Cuomo’s restrictions limit the number of people who can attend religious services to 10 in areas where the threat of coronavirus is highest, regardless of a church or synagogue’s capacity. In areas with slightly less risk, attendance is limited to 25 people.

“New York’s restrictions on houses of worship not only are severe, but also are discriminatory,” Justice Brett Kavanaugh wrote in his concurring opinion Wednesday.

“In light of the devastating pandemic, I do not doubt the State’s authority to impose tailored restrictions—even very strict restrictions—on attendance at religious services and secular gatherings alike,” Kavanaugh continued. “But the New York restrictions on houses of worship are not tailored to the circumstances given the First Amendment interests at stake.”

Jewish organizations, represented by the Becket Fund for Religious Liberty, asked the Supreme Court to consider whether Cuomo’s executive order violates the Free Exercise Clause when it “disfavors worship” and “when the official who issued it made clear through unambiguous statements that the order was targeted at a religious minority’s practices and traditions.”

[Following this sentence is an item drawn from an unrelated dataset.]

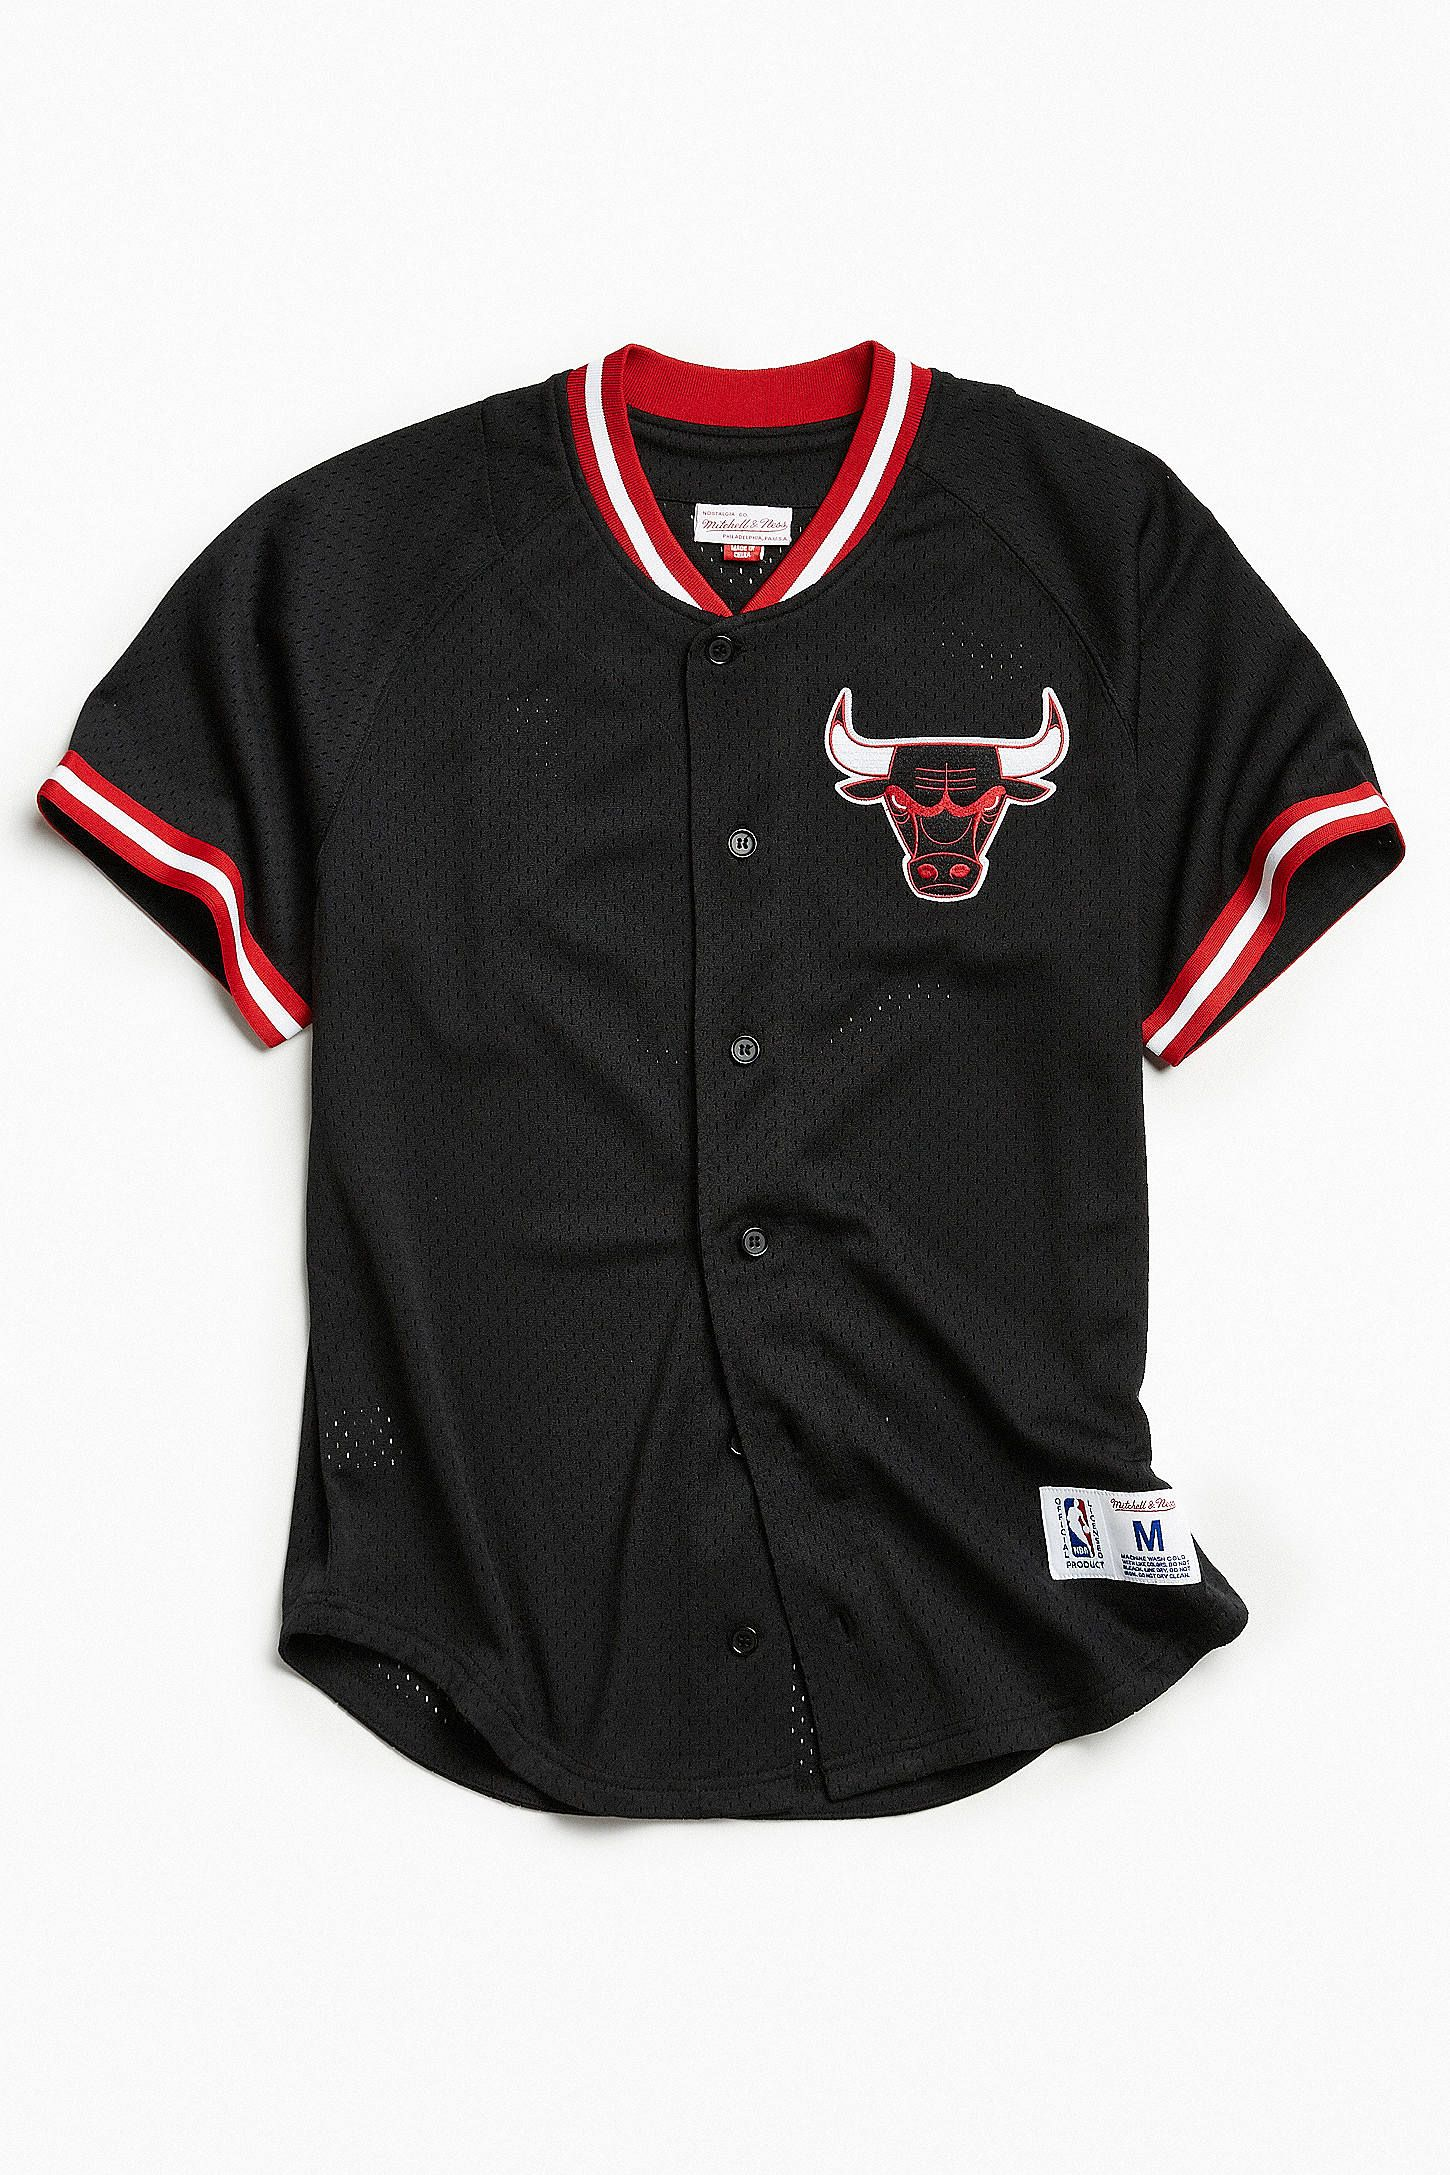 e8d99b14817 shopping mens starter red black chicago bulls baseball jersey 93ee4 2b040;  sweden shop mitchell ness chicago bulls button front jersey at urban  outfitters ...

“The Governor made overwhelmingly clear that his Cluster Initiative was designed to target a particular religious minority that he falsely blames for the spread of COVID-19 — Orthodox Jews,” the request said, referring to Cuomo’s early October statement to the Orthodox community.

Cuomo had said: “If you’re not willing to live with these rules, then I’m going to close the synagogues.”

“The Governor did not attack religious belief generally, but singled out a particular religion for blame and retribution for an uptick in a society-wide pandemic,” the injunction request said. “He threatened ‘members of the ultra-Orthodox community’ and referred to them as a ‘problem,’ due to his own perceptions of the community.”

Justice Neil Gorsuch noted in his opinion that in Cuomo’s judgement, “laundry and liquor, travel and tools, are all ‘essential’ while traditional religious exercises are not.”

“That is exactly the kind of discrimination the First Amendment forbids,” Gorsuch wrote.

Cuomo’s office did not immediately respond to request for comment from the Daily Caller News Foundation.